Immigrants are normally required to pass the test, covering English and civics, in order to become citizens of the United States. Every once in a while, some politician will propose that passing the test should also be required as part of the voter registration process, in order to ensure that voters have at least a bare minimum understanding of how America's government works, before they start casting votes that would affect how the country is run. The reality, however, is that we are such a politically agnostic society overall that, if quizzed on civics, the average American on the street would likely stand no chance whatsoever.
Rather than actually quizzing people on the street to show just how unqualified they are to vote (since that's already a bit on another show), Conan, on this recurring sketch, instead volunteers himself, with mock American bravado, to take a version of the test, which actually turns out to be mostly a series of joke questions focusing on the sorts of dumb information that more accurately reflect the average American's low-minded concerns and knowledge.
From the most recent installment, here's the titular joke:
Question: What's the best game console?
Conan: Xbox 360.
Question: And what's the worst?
Conan: The Anderson Cooper 360.
If you didn't get that punchline, Anderson Cooper 360° is the title of popular broadcast journalist Anderson Cooper's television news show on CNN. But don't worry; I don't think most people know what that is. What's funnier by far (and also depressing) is the reaction Conan got, probably unintentionally, with the first part of the joke—the setup.
Up to that point, the audience had laughingly applauded every joke answer Conan had given. But when he, without hesitation, answered that the Xbox 360 was the best game console, there was, instead of laughter, only a hushed murmur (well, and one guy offering a "Woo!"), as though Conan had said something terribly controversial, and people were perturbed and uneasy about sticking their own necks out to applaud, lest they be perceived as taking any kind of position on his position. Yes, of all questions, this—the video game question (which, as it turned out, was just the setup to a well-received zinger at Anderson Cooper's expense)—was the one that proved a little too real for the live audience.

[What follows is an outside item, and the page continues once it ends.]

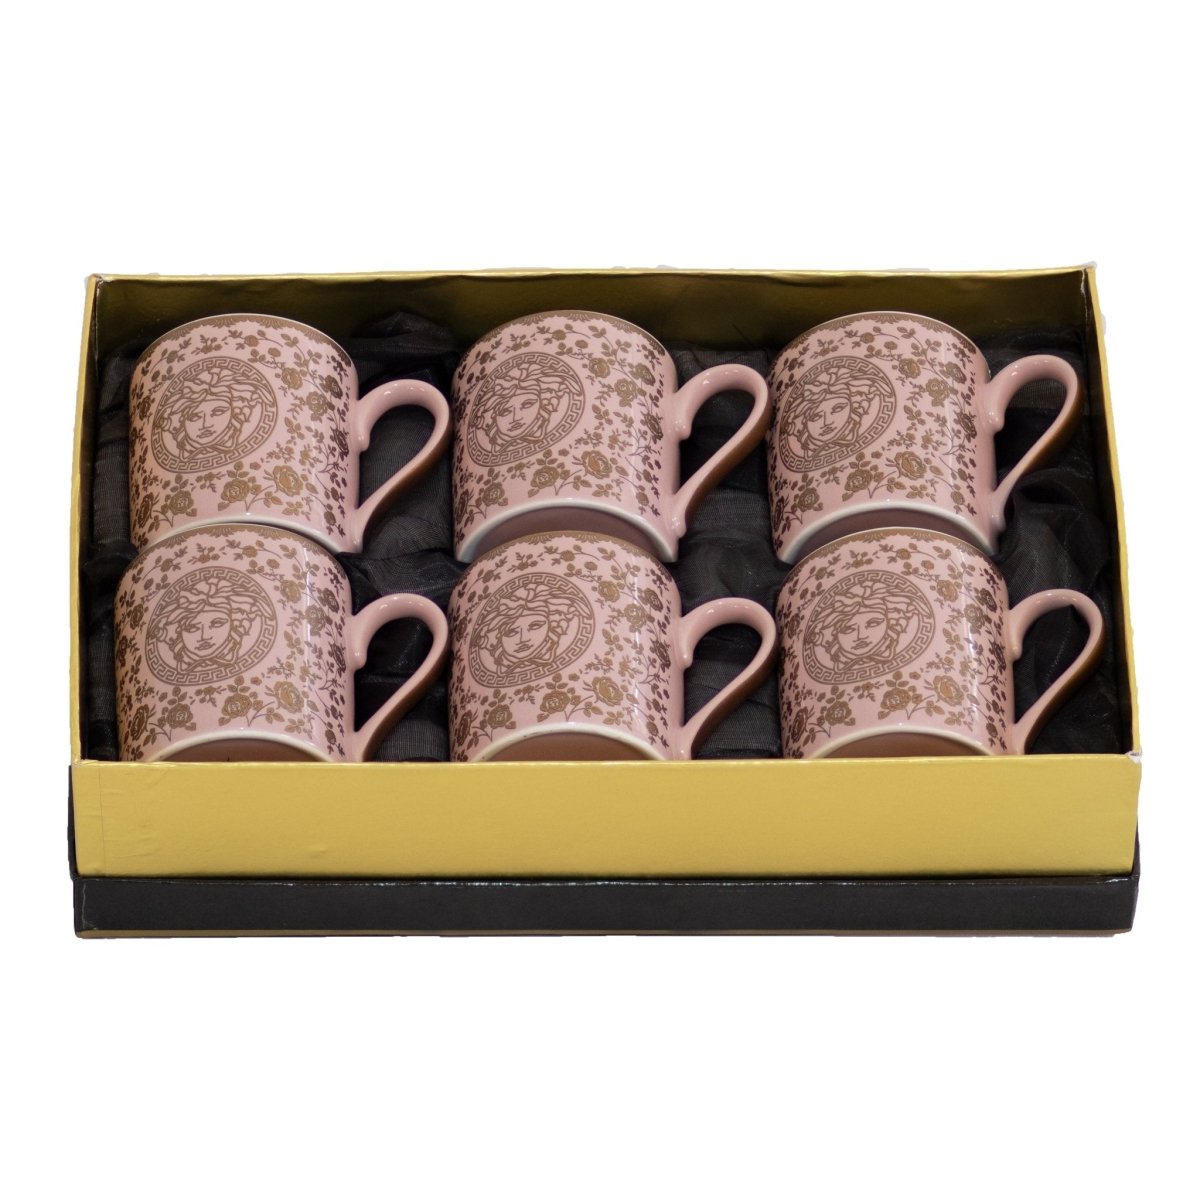 Premium Bone China Pink and Gold Design - 6 Pc Mug Set Serves as Tea Cups, Coffee Cups, Tea Mugs, Coffee Mugs - Kezevel

The rule of thumb to be generally observed, when you're in polite society and not interested in getting into a debate, is to stay off any topics that would have the potential to agitate, namely politics and religion (and I would usually add team sports to that list). On Conan, however, politics is regularly fodder for his monologue, and he's not afraid to poke fun at religious fundamentalism either, always to the audience's delight. But here we see that there is one topic that is perhaps even more sensitive: the console war.
Even ignoring the fact (since I'm not convinced the writers actually put that much thought into it) that, given the theme of the segment, the Microsoft Xbox 360 is the properly patriotic answer (Sony and Nintendo both being Japanese), Conan has made it pretty clear already, with his "Clueless Gamer" segment, that he doesn't really play, like, or know much about video games, so we can safely assume that he doesn't mean it when he says the 360 is the best. But it doesn't really matter whether he means it or not; the audience's conditioned reflexive unease at his words has been nakedly captured on film.
We are now at the point in the life of this debate when, whether we have a position ourselves, we are, most of us, not actively engaged in the console war, but rather try to steer clear of it altogether, because we've seen how ugly it can get—seriously, random guys at GameStop will fight you over your game console preference—and it's simply not safe to take a stand either way. It's the same kind of nervousness that usually accompanies workplace talk of politics or religion, only, I dare say, people these days are even more passionate (and, therefore, protective) about their positions on video games than about their political or religious affiliations. In fact, having been among folks who are highly politically active, as well as folks who are deeply religious (and that's two different groups I'm talking about), I can say that, out of all the circles I've personally observed, no other is as defensive, and militantly so, as the hardcore video game enthusiasts.
This is why, as often as politicians and the mainstream media try to come after video games and scapegoat it for everything wrong with this country, I really do not see them ever prevailing. I don't know why exactly, nor whether it's a good thing, but, fact is, nobody riles up and rallies for its interests harder than the gaming community.